:: Task details ::
Repeat exactly the line with "Lit Lightbulb Design Pack" and each line after it to the end of the data below; pictures stay out.

:: Material for this exercise ::
▽

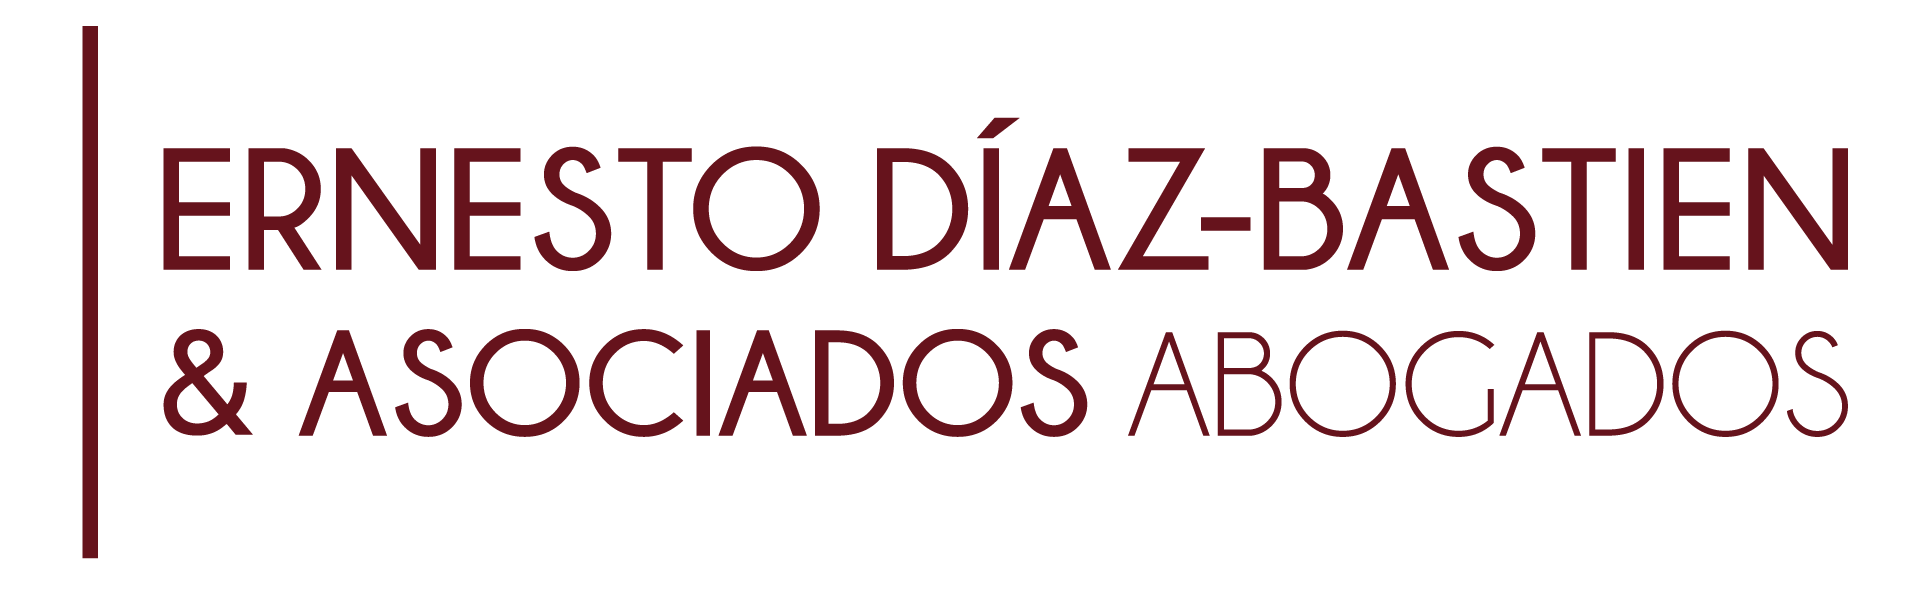 Ernesto Díaz-Bastien & Asociados Abogados
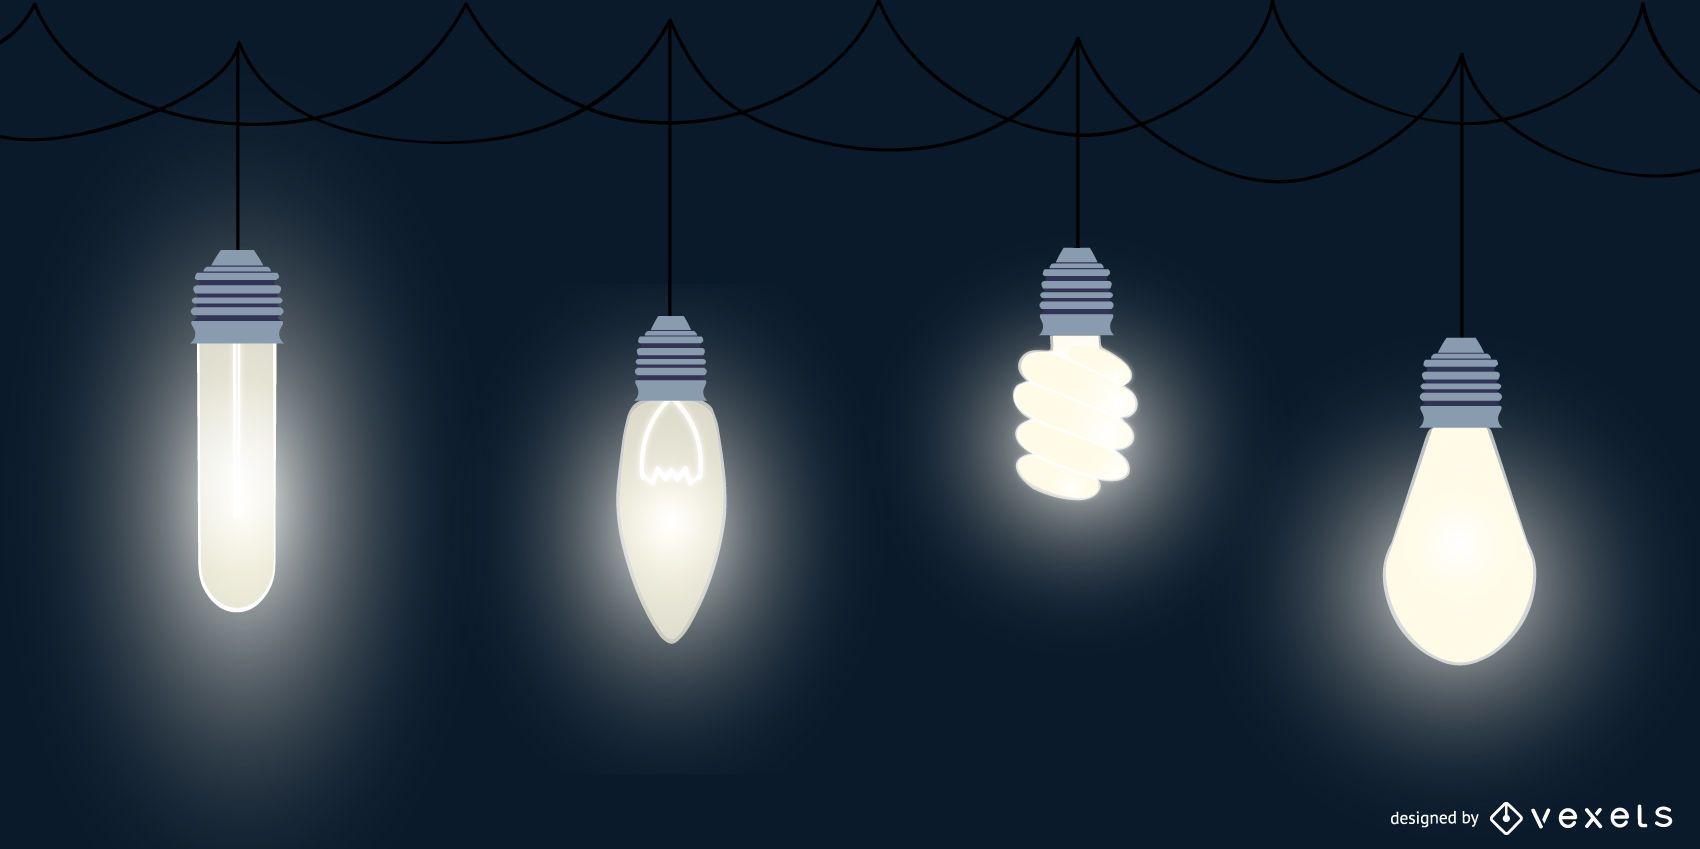 Lit Lightbulb Design Pack
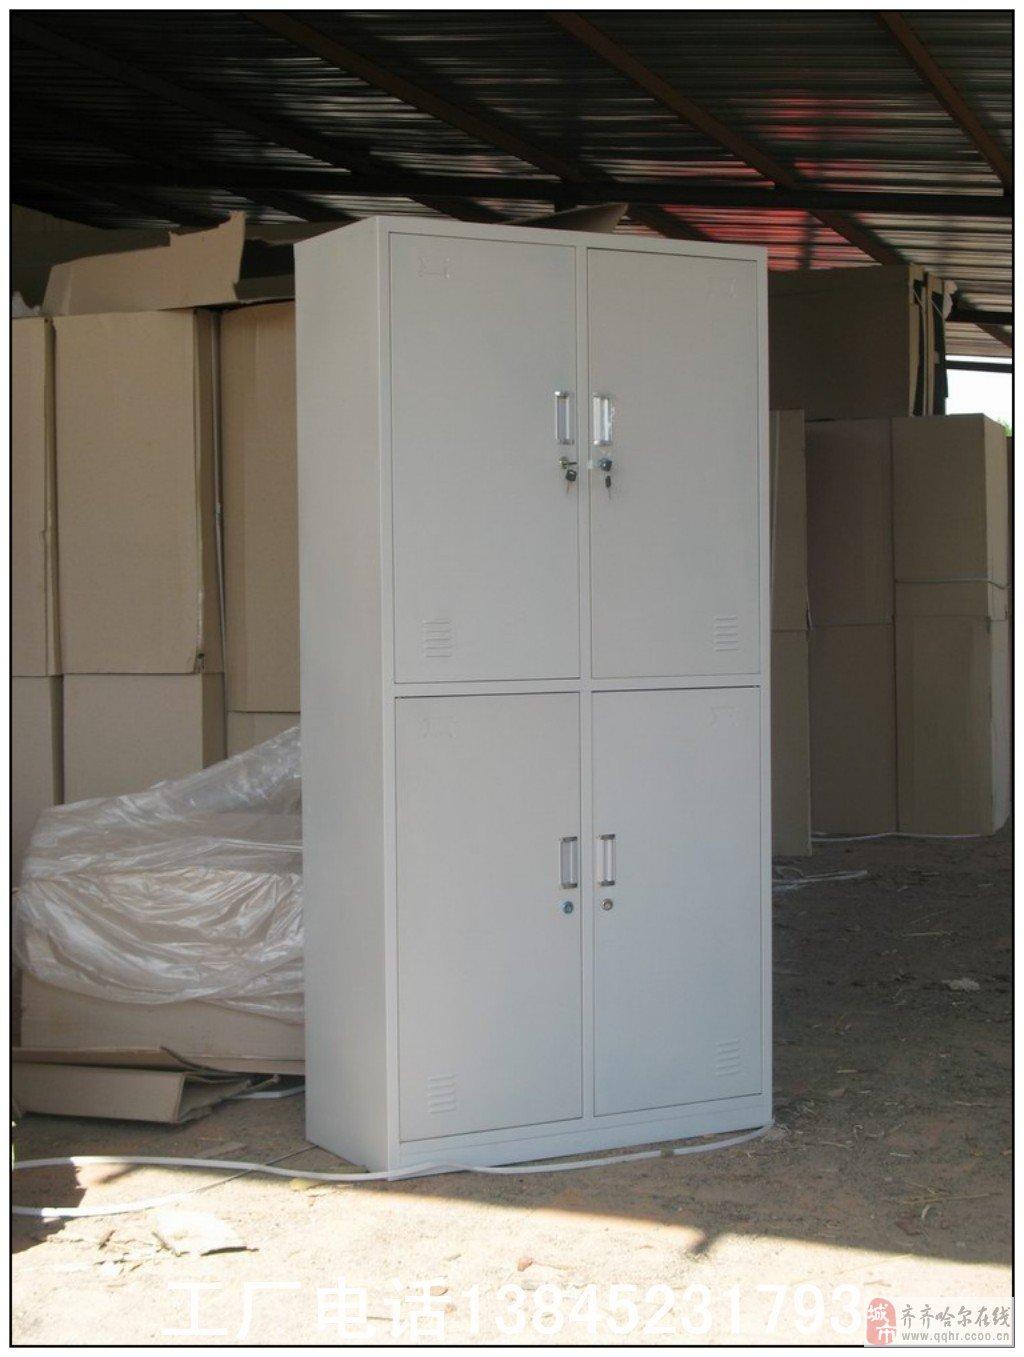 铁卷柜 保险柜 阳台柜 储物柜 密集架工厂低价直销
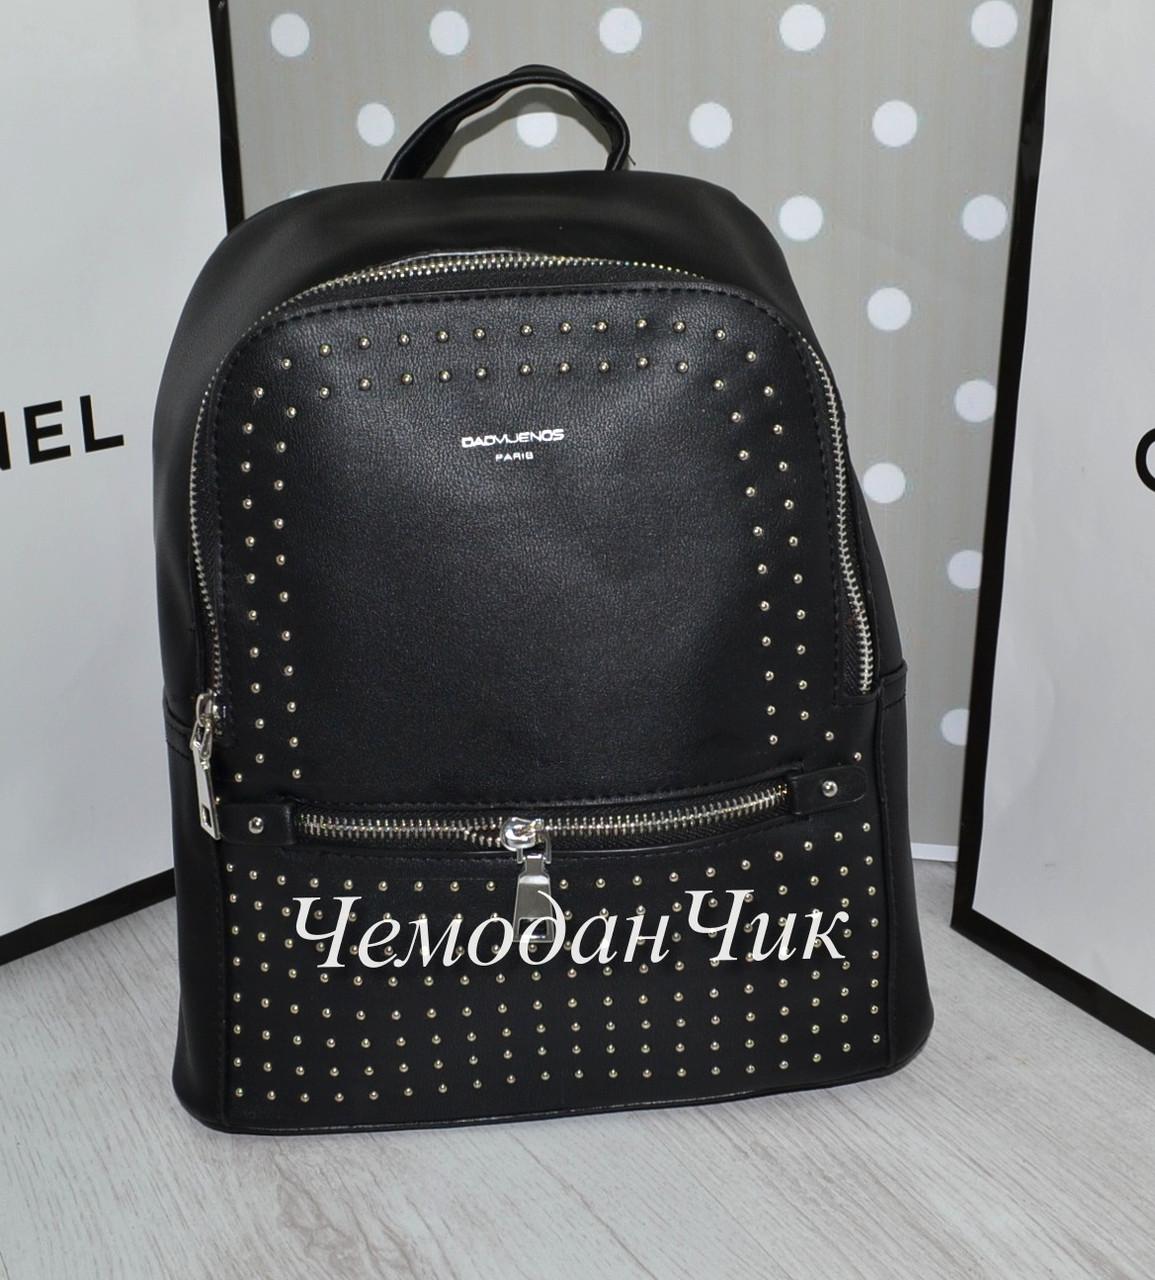 c90053f18167 Рюкзак в стиле Дэвид Джонс David Jones - ЧЕМОДАНЧИК - самые красивые сумочки  по самой приятной
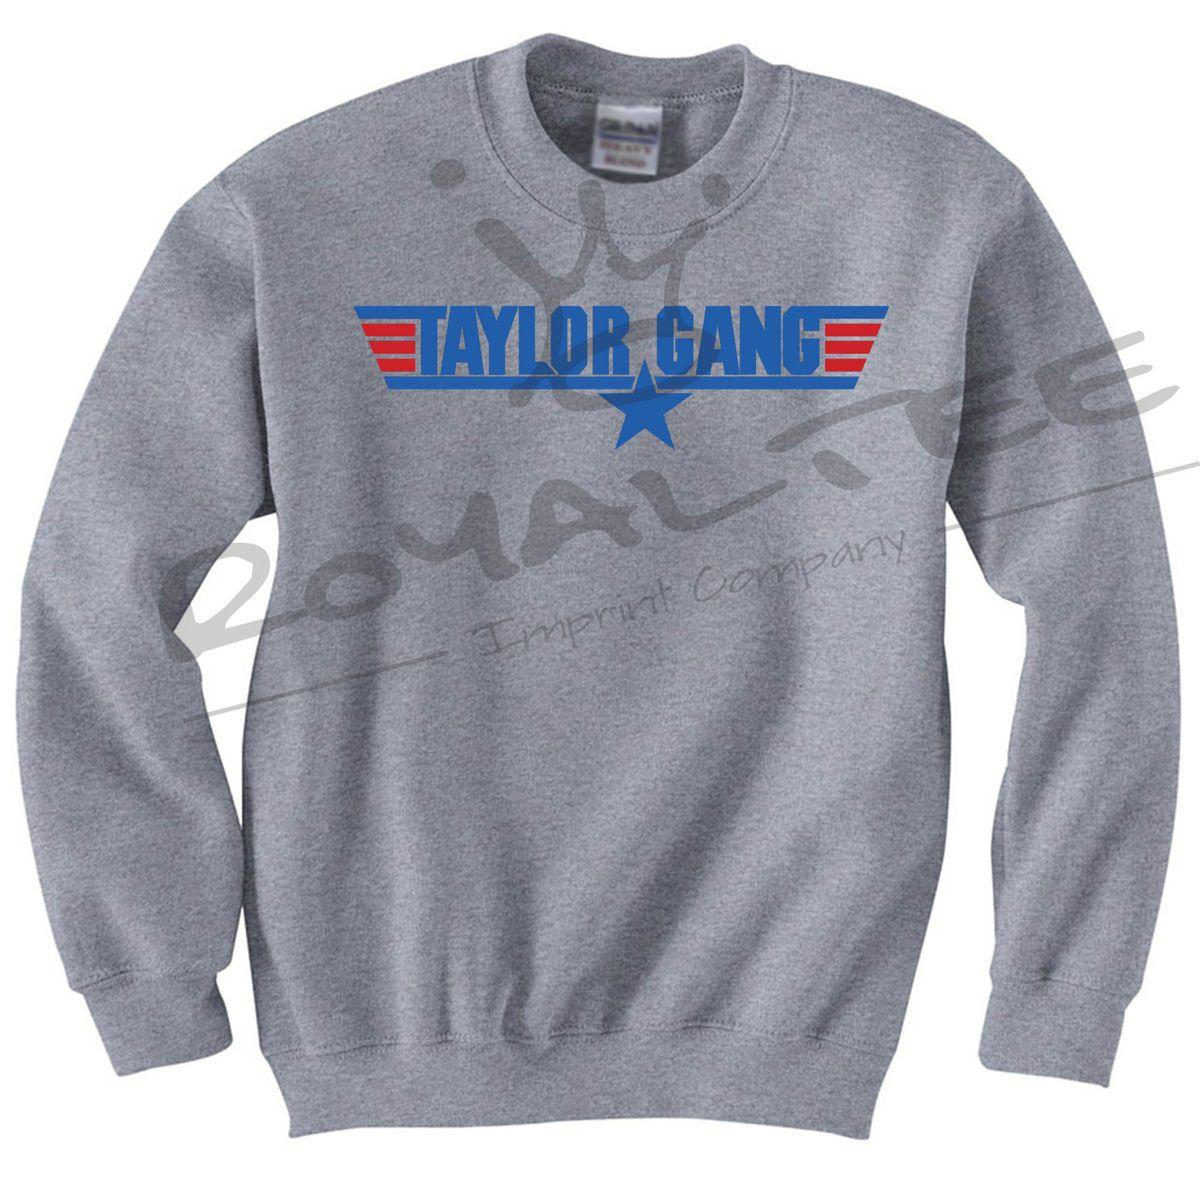 Taylor Gang Wiz Khalifa Crewneck Sweater Top 420 Rap Hip Hop Dubstep

△

:: Answer below ::
 Lit Lightbulb Design Pack
 铁卷柜 保险柜 阳台柜 储物柜 密集架工厂低价直销
 c90053f18167 Рюкзак в стиле Дэвид Джонс David Jones - ЧЕМОДАНЧИК - самые красивые сумочки  по самой приятной
 Taylor Gang Wiz Khalifa Crewneck Sweater Top 420 Rap Hip Hop Dubstep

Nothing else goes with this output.